証拠保全②
弁護士 長島功
前回の証拠保全①では、証拠保全というのは、どういう目的でなされるものなのかについて、具体例を交えてお話ししました。
今回は、実際証拠保全の決定がなされた場合、医療機関の現場でどのようなことが行われるのかについて解説したいと思います。
1 どのように知らされるのか
カルテの証拠保全は、オーナーが裁判所に申し立てを行い、裁判所が証拠保全の決定を出すことで実施されます。
実施にあたっては、証拠保全の決定書や証拠保全の申立書の副本(写し)などが、執行官という人によって届けられ、これによって病院側は証拠保全の実施を知らされることになります。
ただ、通常の裁判を起こされたときの訴状とは異なり、この証拠保全の場面では、実施当日の、しかも1時間程前に知らされます。

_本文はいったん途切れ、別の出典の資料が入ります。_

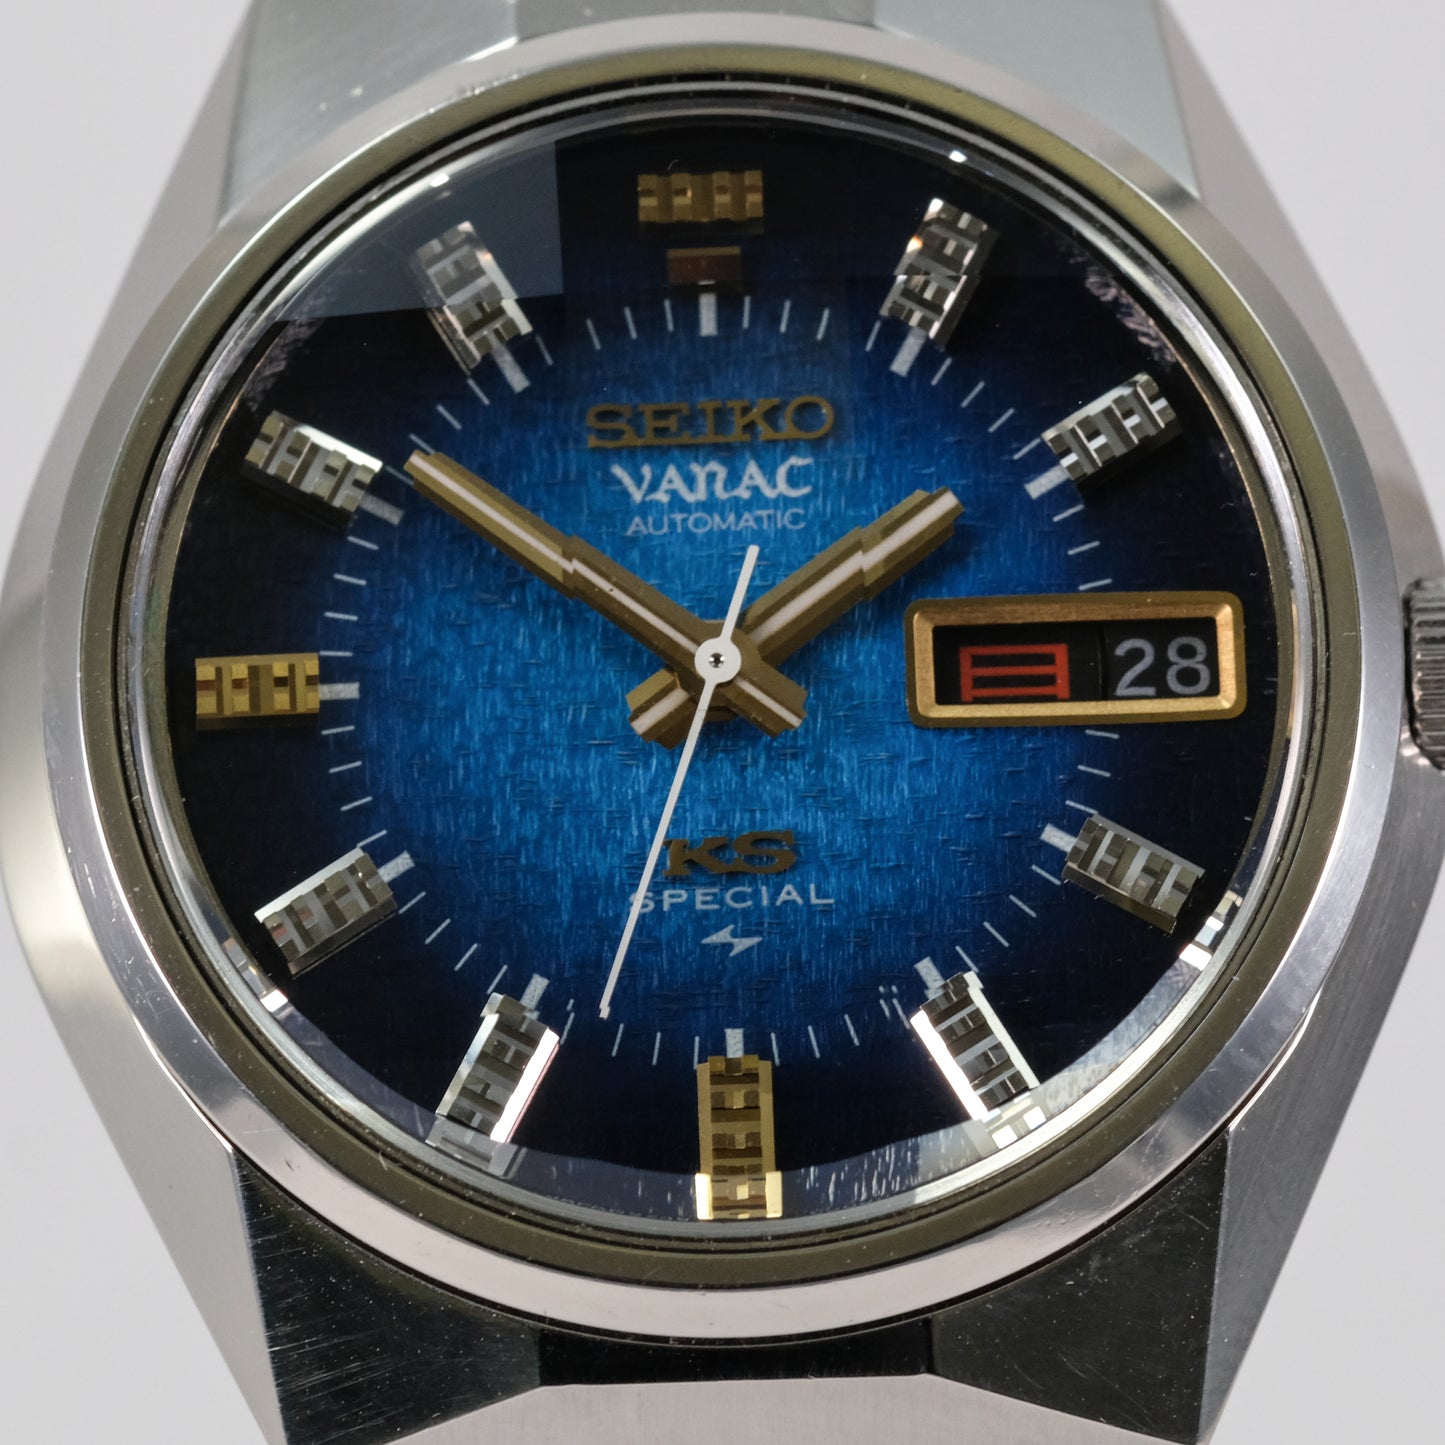 1973 Seiko KS Vanac Special 5246-6070

その意味では、ほぼ抜き打ちの手続といえます。
これは、病院側にも立会の機会を保障しなければならない一方で、時間的余裕を与えることによる診療記録の改ざん等を防ぐ必要もあることに基づいています。
2 誰が立ち会うのか
証拠保全の執行で病院に来るのは、裁判官、書記官という事務を取り扱う職員、オーナー本人やその代理人弁護士です。その他、診療記録の撮影をするために、カメラマンを同行してくることが多いです。
紙の記録であれば病院のコピー機を利用させてもらって、複写するというケースもありますが、病院側が応じる義務はありませんし、最近はあまりありませんが、レントゲンフィルムだったりすると、うまく複写できませんので、通常は、専門のカメラマンを同行して、撮影により証拠保全を実施します。
3 現場で、何をされるのか
まずは病院内への立ち入りについて、許可を求められます。
その上で、立ち会う獣医師の氏名などを確認され、証拠保全の趣旨等を説明されます。また、診療簿など、決定書に記載されている対象物を提示するよう協力を求められます。

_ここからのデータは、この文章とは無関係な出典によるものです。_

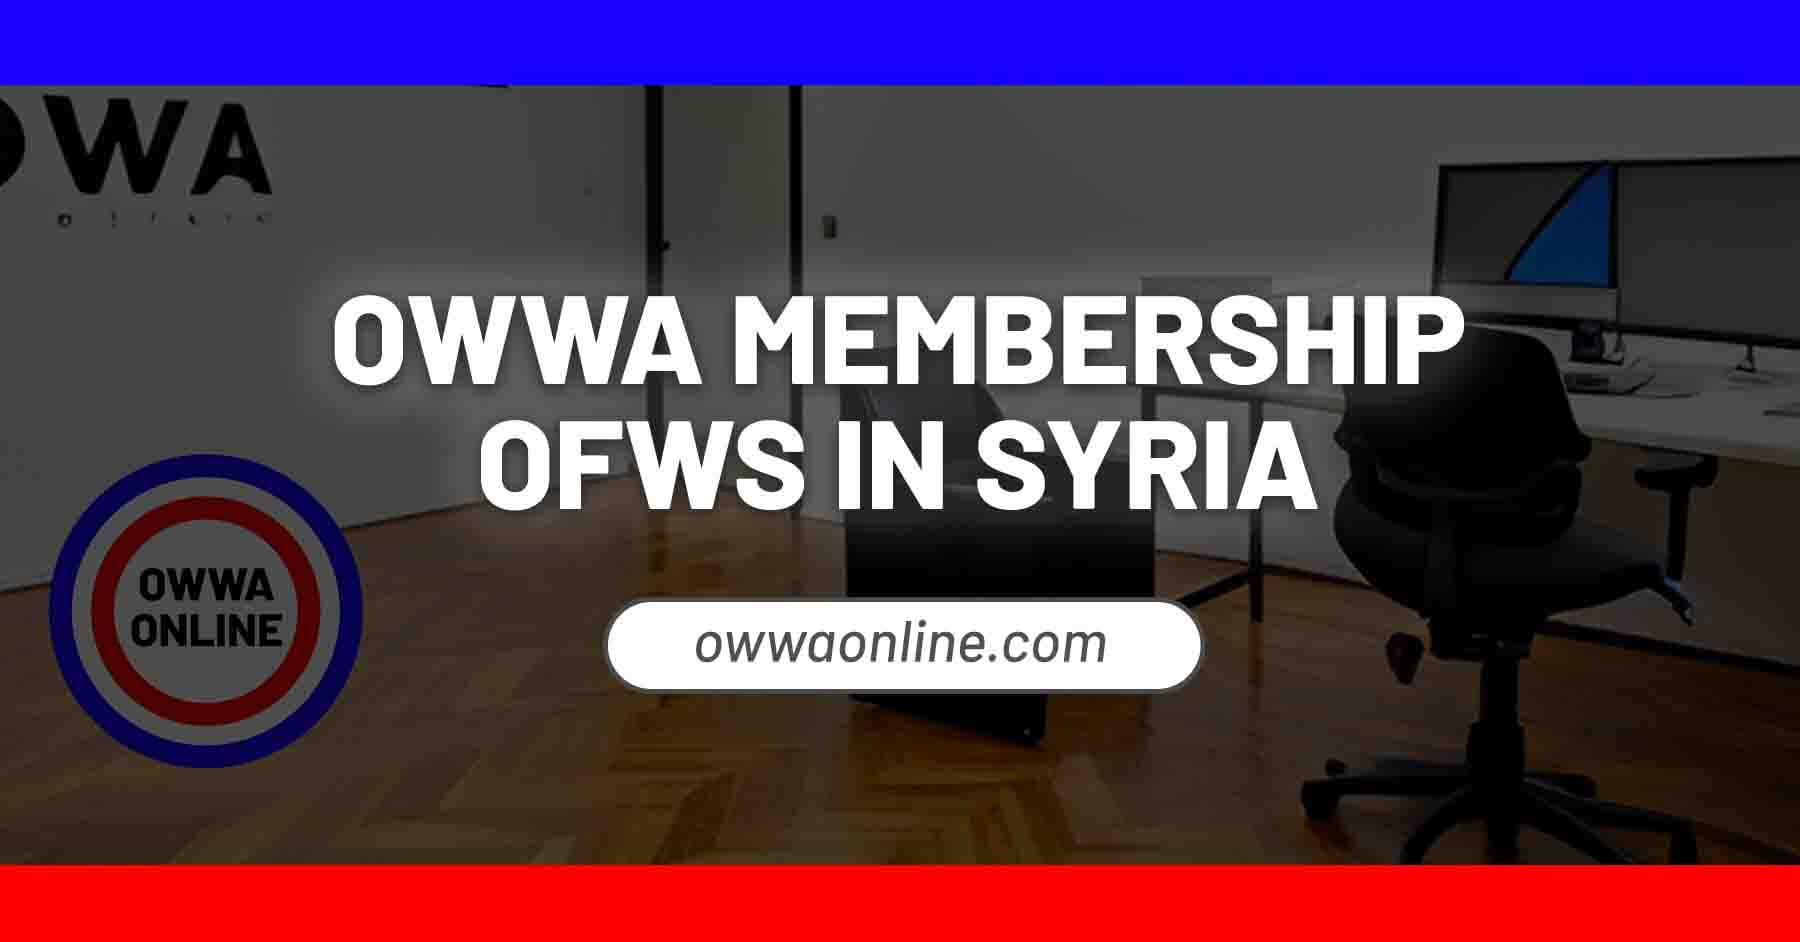 owwa membership application renewal in syria

紙媒体のものであれば、それを提示することになりますが、近時増えてきている電子カルテの場合はディスプレイに表示させたり、プリントアウトした紙面を撮影することで対応します。ただ、分量にもよりますが、ディスプレイに表示した場合は、タグ等を1つ1つクリックする必要がある等、煩雑だったりしますので、特定の患畜情報を一括で印刷できる機能があれば、それによってプリントアウトすることを求められる場合もあります。
また、検証調書というものが作成され、例えば修正液の箇所や、ページ数が飛んでいる箇所等、記録に留めておくべきものがあれば、箇所を特定してその状況が具体的に記録されます。
次回は、証拠保全の実施を受けた場合、どのように対応すれば良いのか、拒否できるのか等について、解説したいと思います。